When Christians lose delight in enjoying the “thousand sacred sweets” of the Lord’s Day, life begins to lose its savor in every other area as well.  Just as the Lord’s Table defines how we live at every other table in our lives, the Lord’s Day defines how we will live every other day.  The Lord’s Day, with its corporate worship, fellowship, feasting, resting and serving is the heartbeat of the Christian life.  It is one of two positive commands in the Ten Commandments.  It comes with great promise.  Jesus reminds us that “man was not made for the Sabbath, but the Sabbath for man.”  The Lord’s Day is a Feast Day and never a Fast Day.  It is the Market Day of the Soul.

The prophet Jeremiah took great pains to make expose the deeply ingrained sin in the people of Judah.  By the time we get to the end of Jeremiah 17, we have heard the prophet call the people to repentance for their perpetual idolatry, their self-serving greed, their heartless oppression, and their continual refusal to heed the call of God to return.  So, it seems a little surprising that Jeremiah makes so much of calling them to repent of contempt for the Lord’s Day.  With so many dire issues on the table, is this not a bit of straining a gnat and swallowing a camel?  Yet this thinking shows that we have not rightly understood that the Lord’s Day stands at the center of our Christian life.

Unfortunately, too often our discussions regarding the Lord’s Day devolve into what we cannot do, rather than we can do.   The Reformed Church is often subdivided by straining the gnats of Sabbath restriction while swallowing the camel of joyless, loveless, drudgerous Sabbath observance.
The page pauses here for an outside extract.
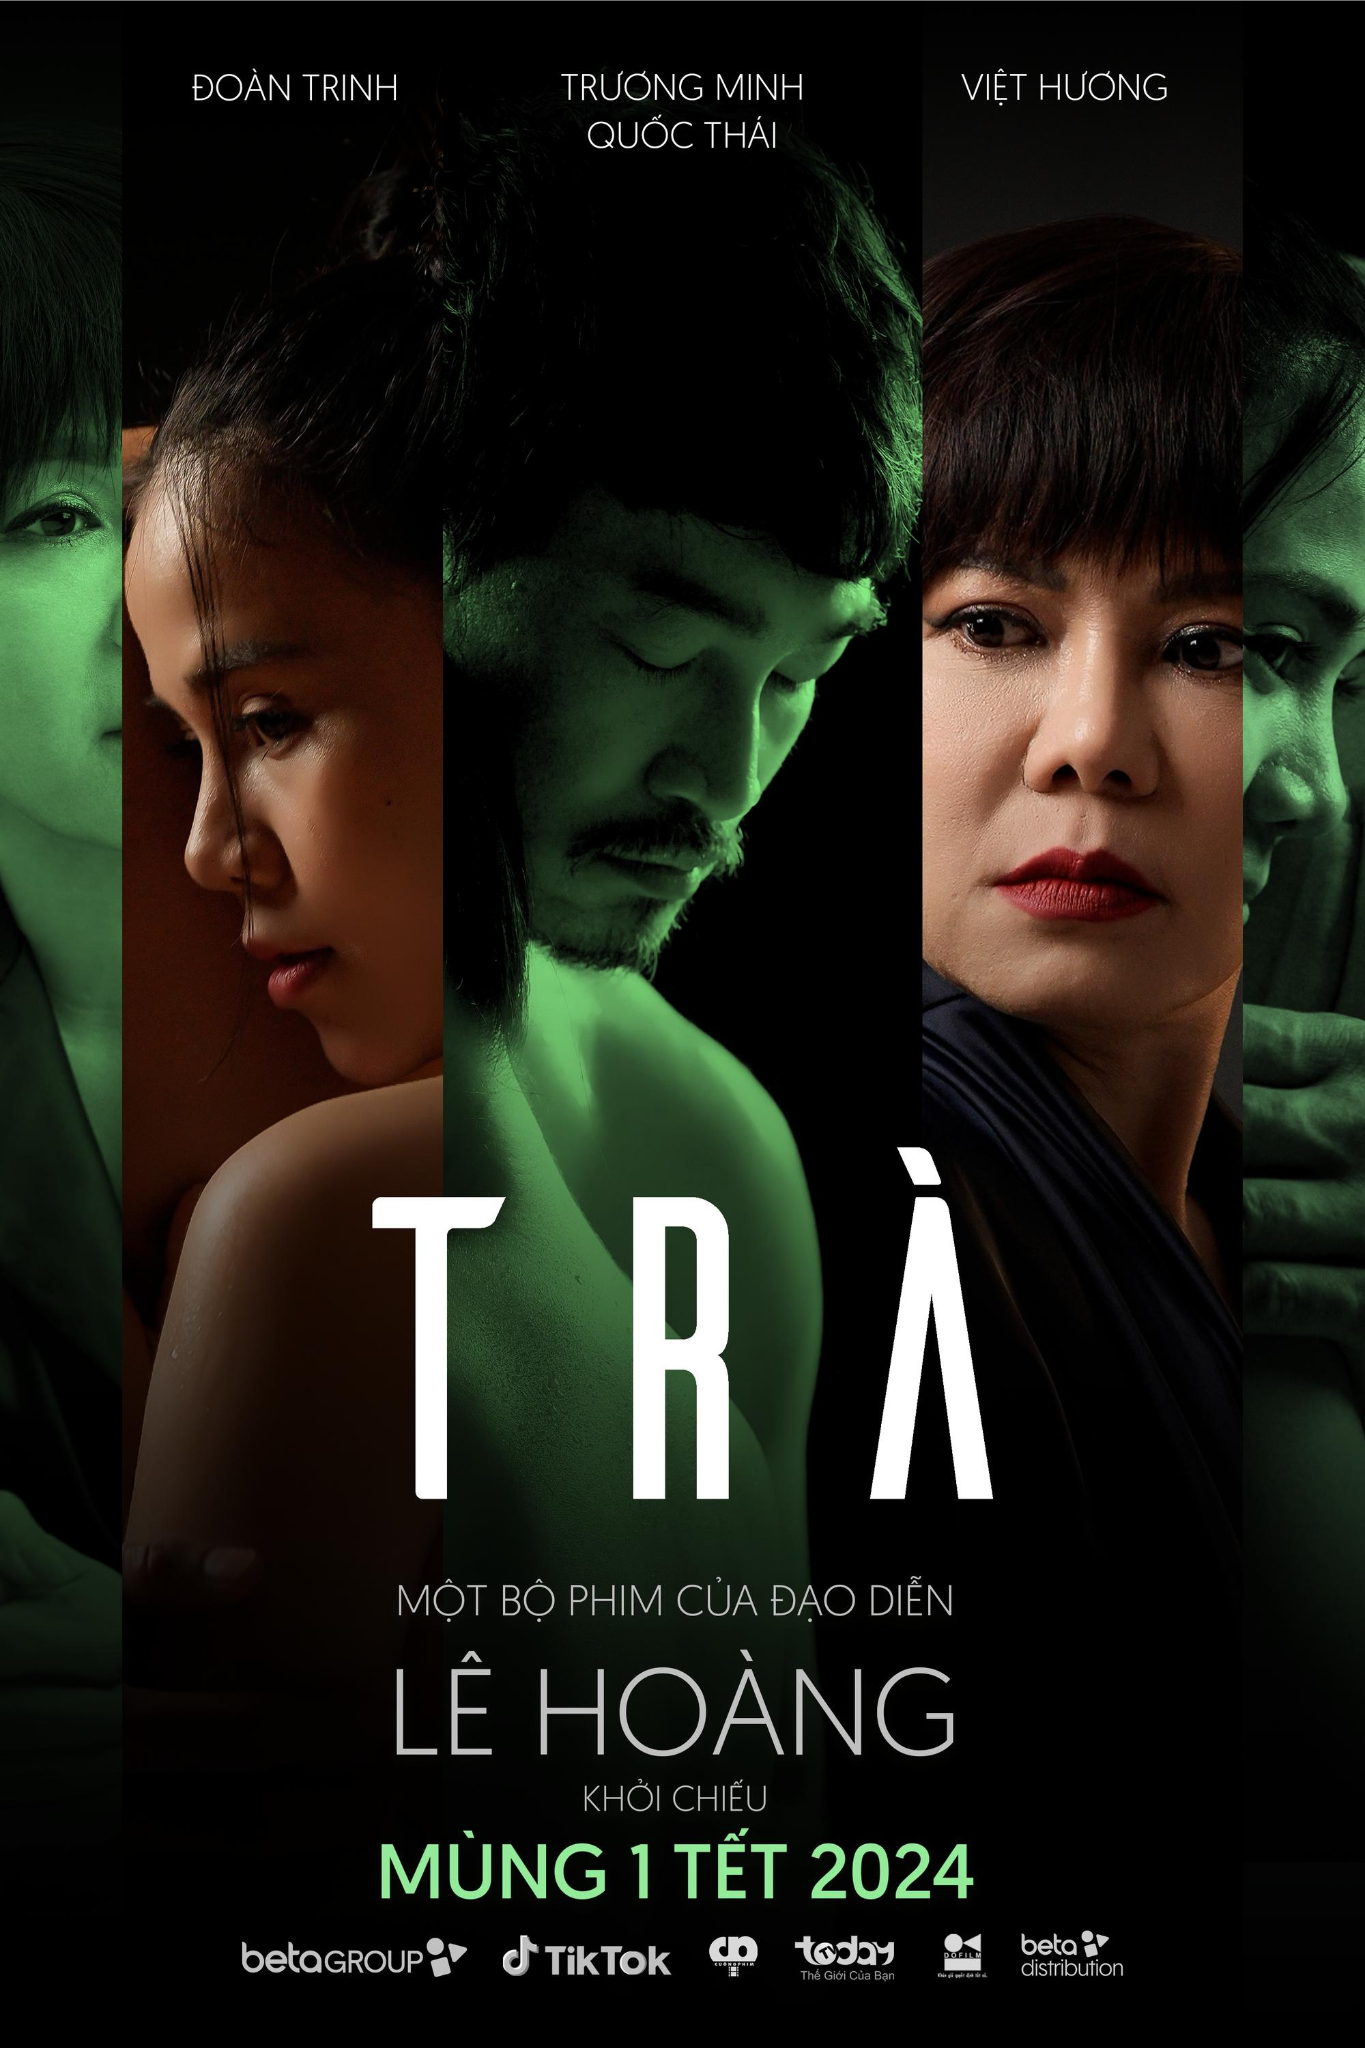 Phim điện ảnh Trà bất ngờ công bố teaser poster

The prophet Isaiah frames this concern well.

“If you turn back your foot from the Sabbath,
from doing your pleasure on my holy day,
and call the Sabbath a delight
and the holy day of the Lord honorable;
if you honor it, not going your own ways,
or seeking your own pleasure, or talking idly;
then you shall take delight in the Lord,
and I will make you ride on the heights of the earth;
I will feed you with the heritage of Jacob your father,
for the mouth of the Lord has spoken.”  Isaiah 58:13-14

Is your attitude toward the Lord’s Day one of dread or delight?   To delight in the Lord’s Day is to take delight in the Lord of the Day.  As we contemplate the right use of the day, we would do well to ask ourselves, “is the Sabbath a delight?”  Or do we grumble our way through it with a confessional precision that amounts to little more than a “trampling of [God’s] courts?”  When we learn to call the Lord’s Day a delight, most questions of “what’s off the table” are quickly crowded out by the joyful feast of worship, fellowship, and rest set on the table before us.  May it be true of us that the Lord’s Day is a Feast Day, never a Fast Day!

1 thought on “Never a Fast Day!”

  1. This perspective on the Lord’s Day is so helpful and so very well written. Thank you, Pastor Wheeler!